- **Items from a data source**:
§

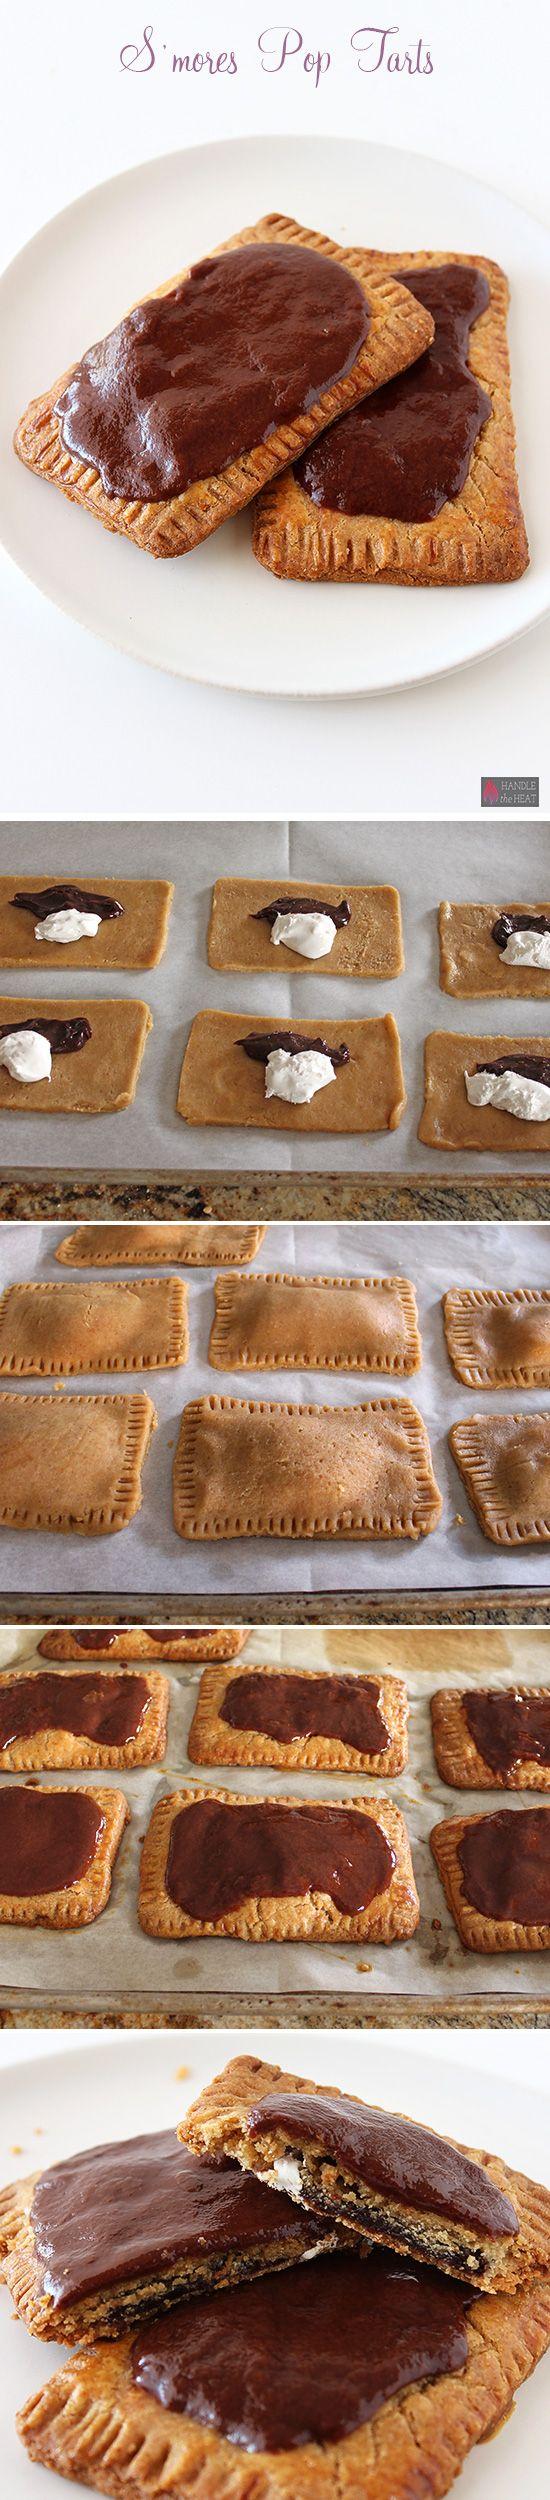 Homemade S'mores Pop Tarts - Amazing!
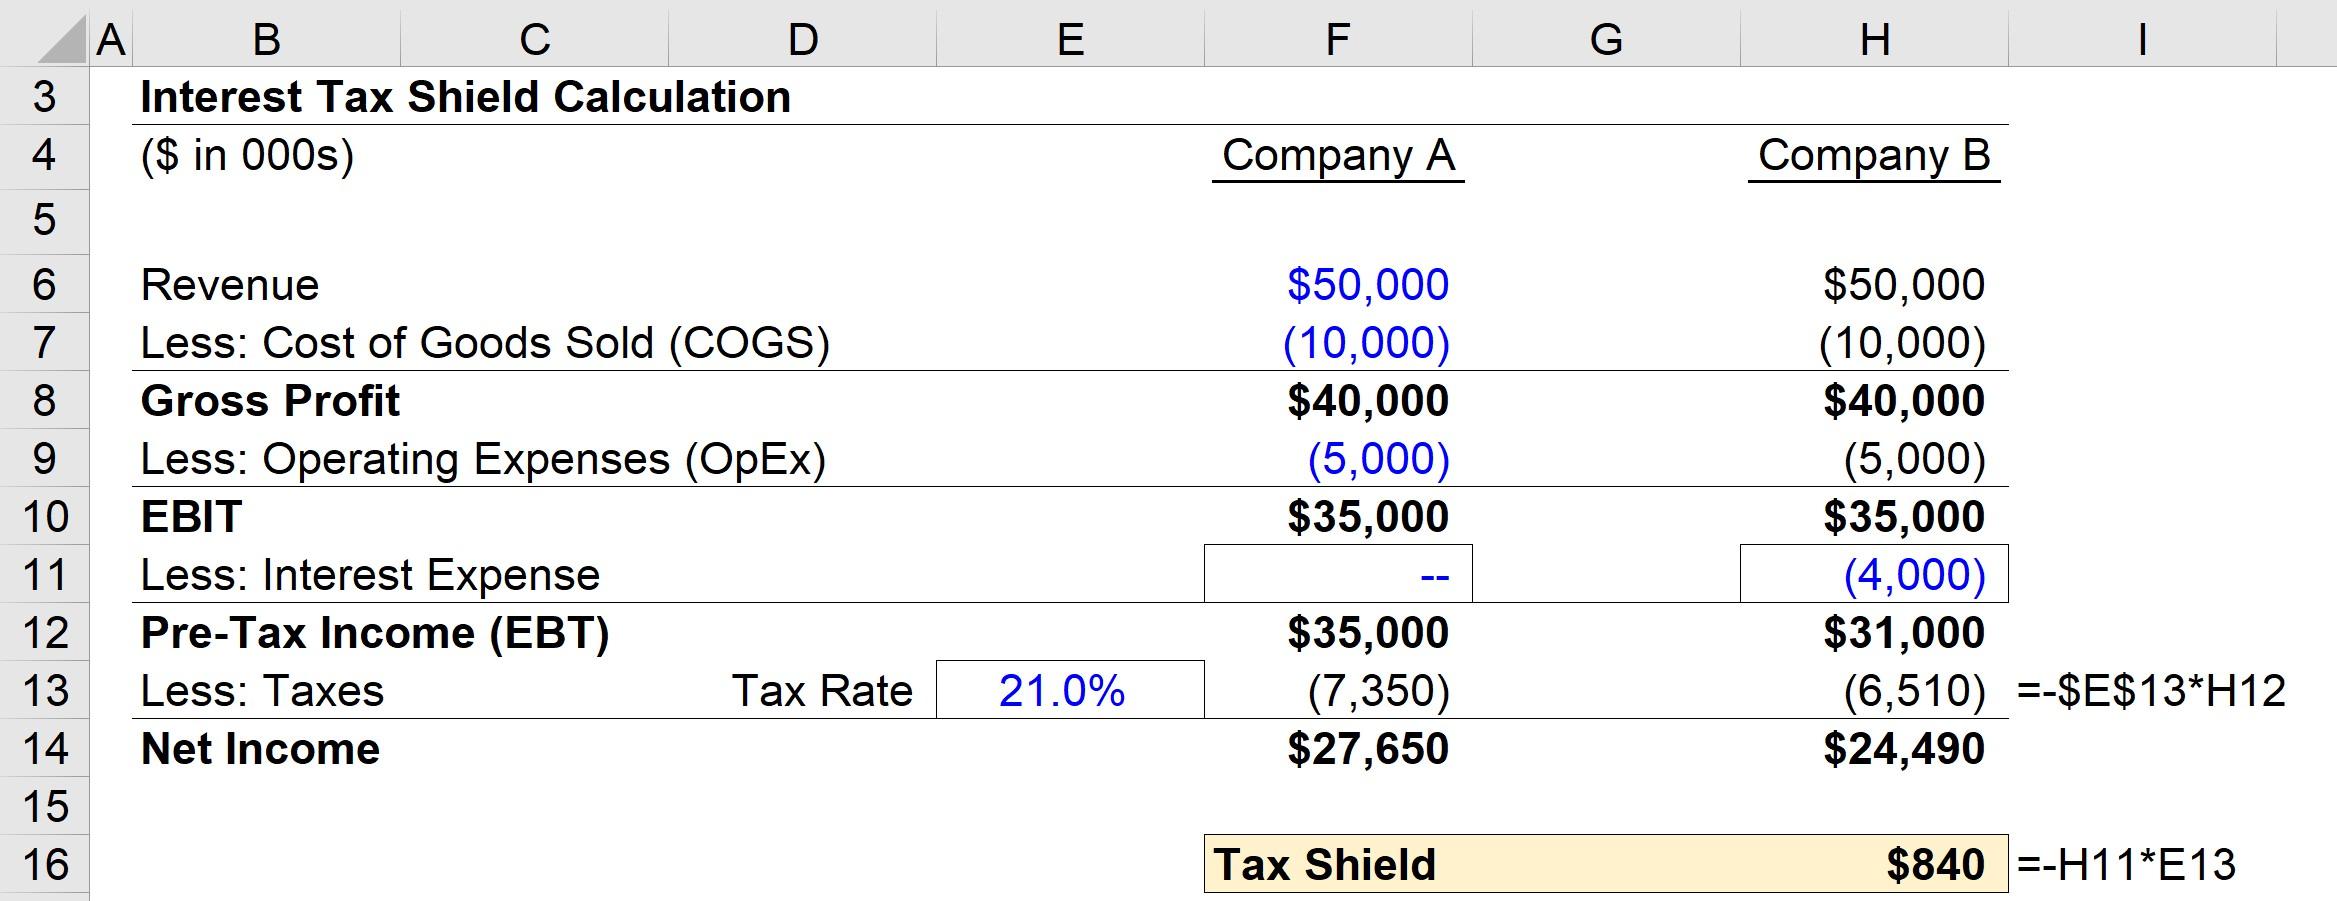 Interest Tax Shield Calculation
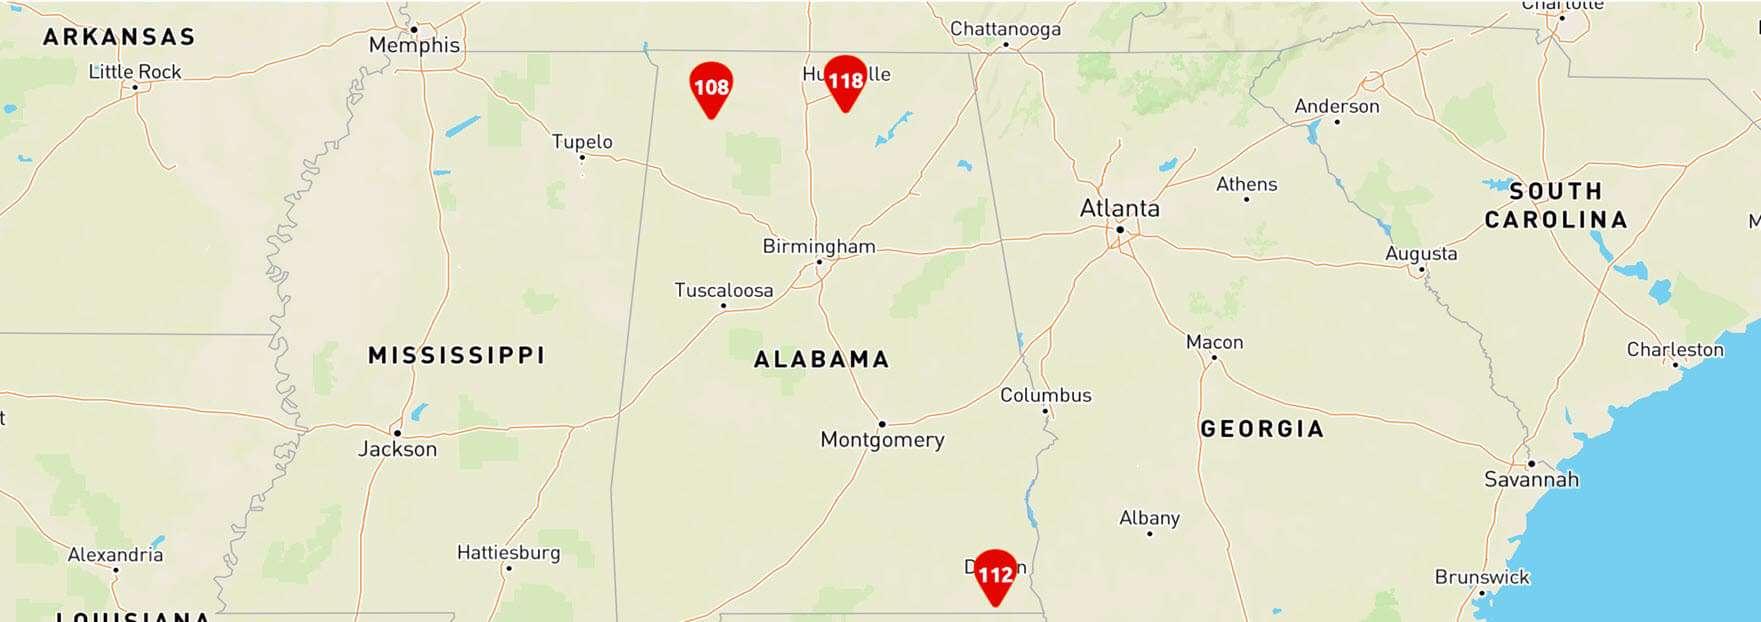 Rural King Alabama locations
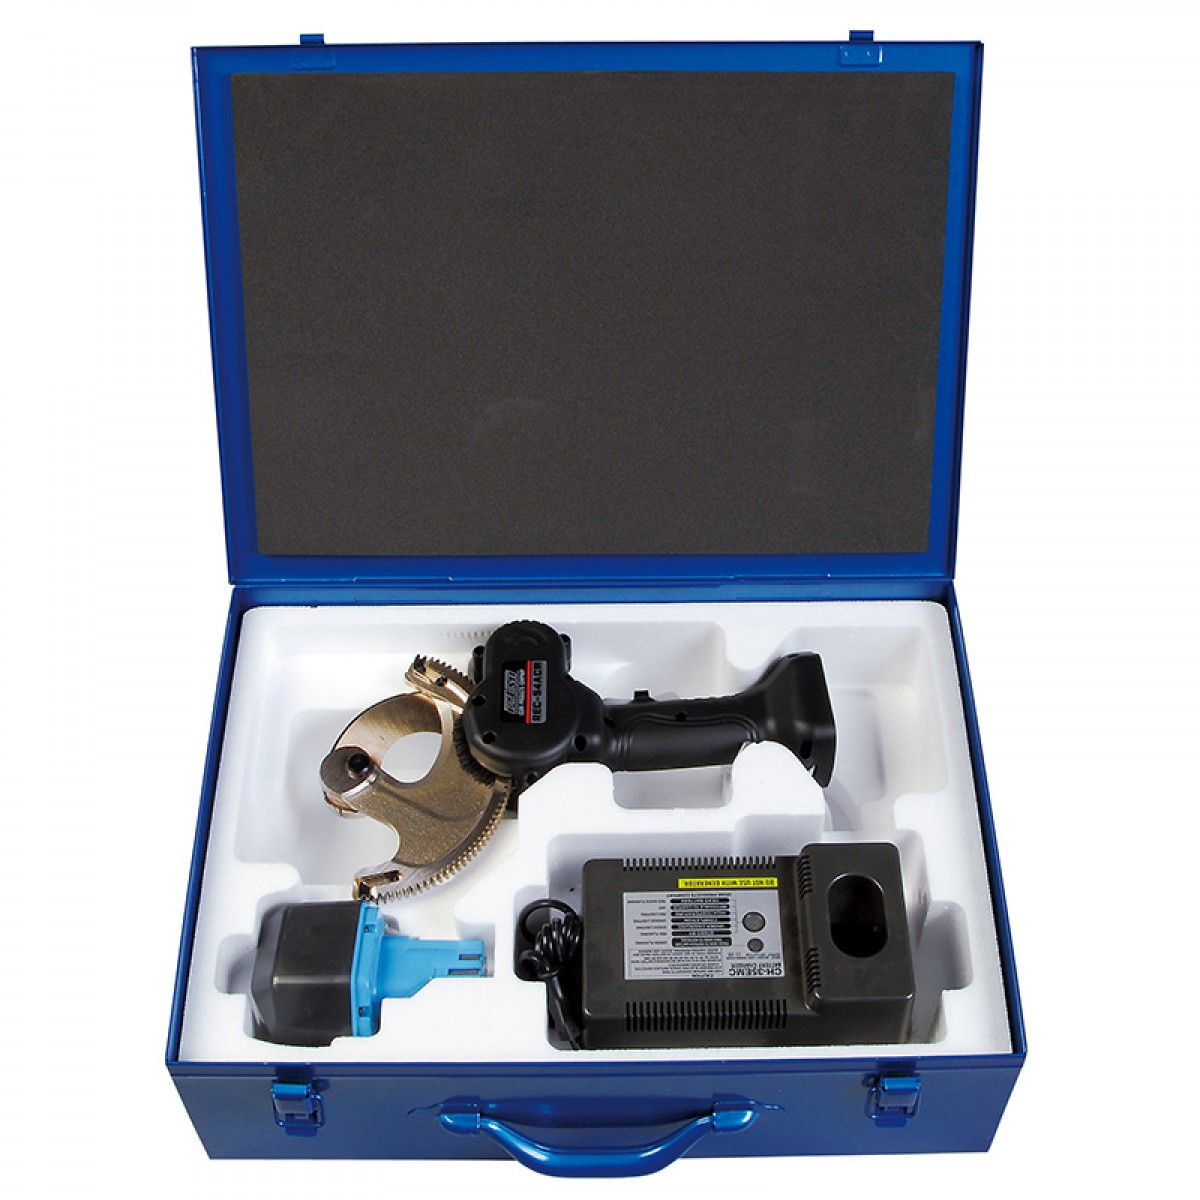 izumi  REC-54ACM 泉精器 充电式切刀
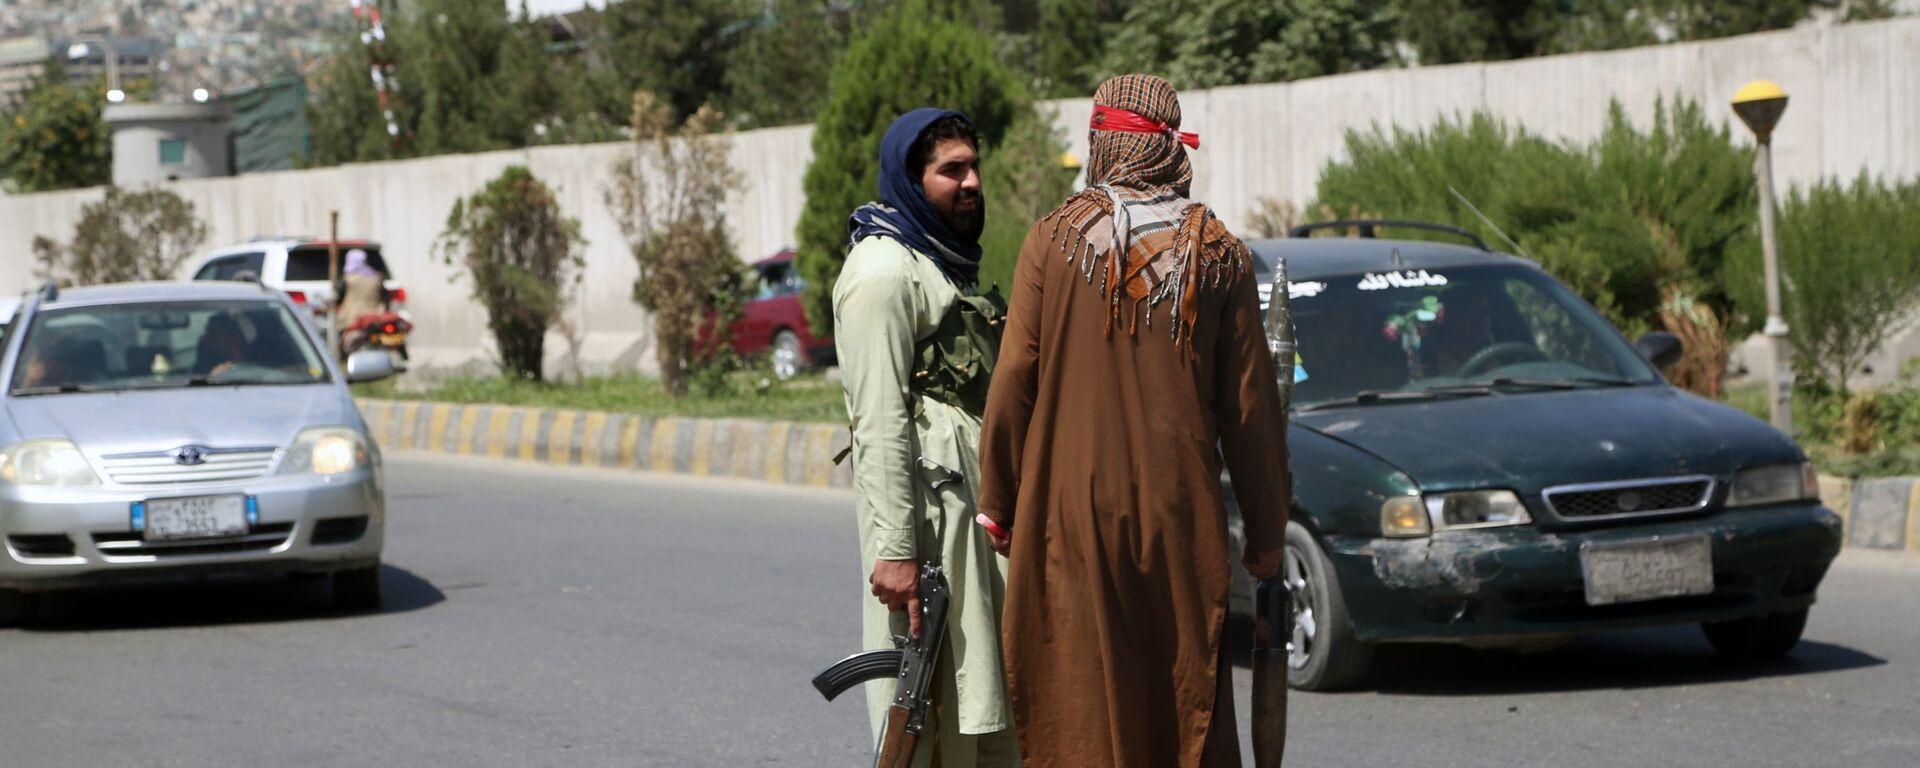 Боевики движения Талибан в Кабуле (16 августа 2021). Афганистан - Sputnik Армения, 1920, 26.09.2021

§

- **Exercise goal**: The data above should be repeated in full and exactly, with no pictures carried over.

- **Response area**:
 Homemade S'mores Pop Tarts - Amazing!
 Interest Tax Shield Calculation
 Rural King Alabama locations
 izumi  REC-54ACM 泉精器 充电式切刀
 Боевики движения Талибан в Кабуле (16 августа 2021). Афганистан - Sputnik Армения, 1920, 26.09.2021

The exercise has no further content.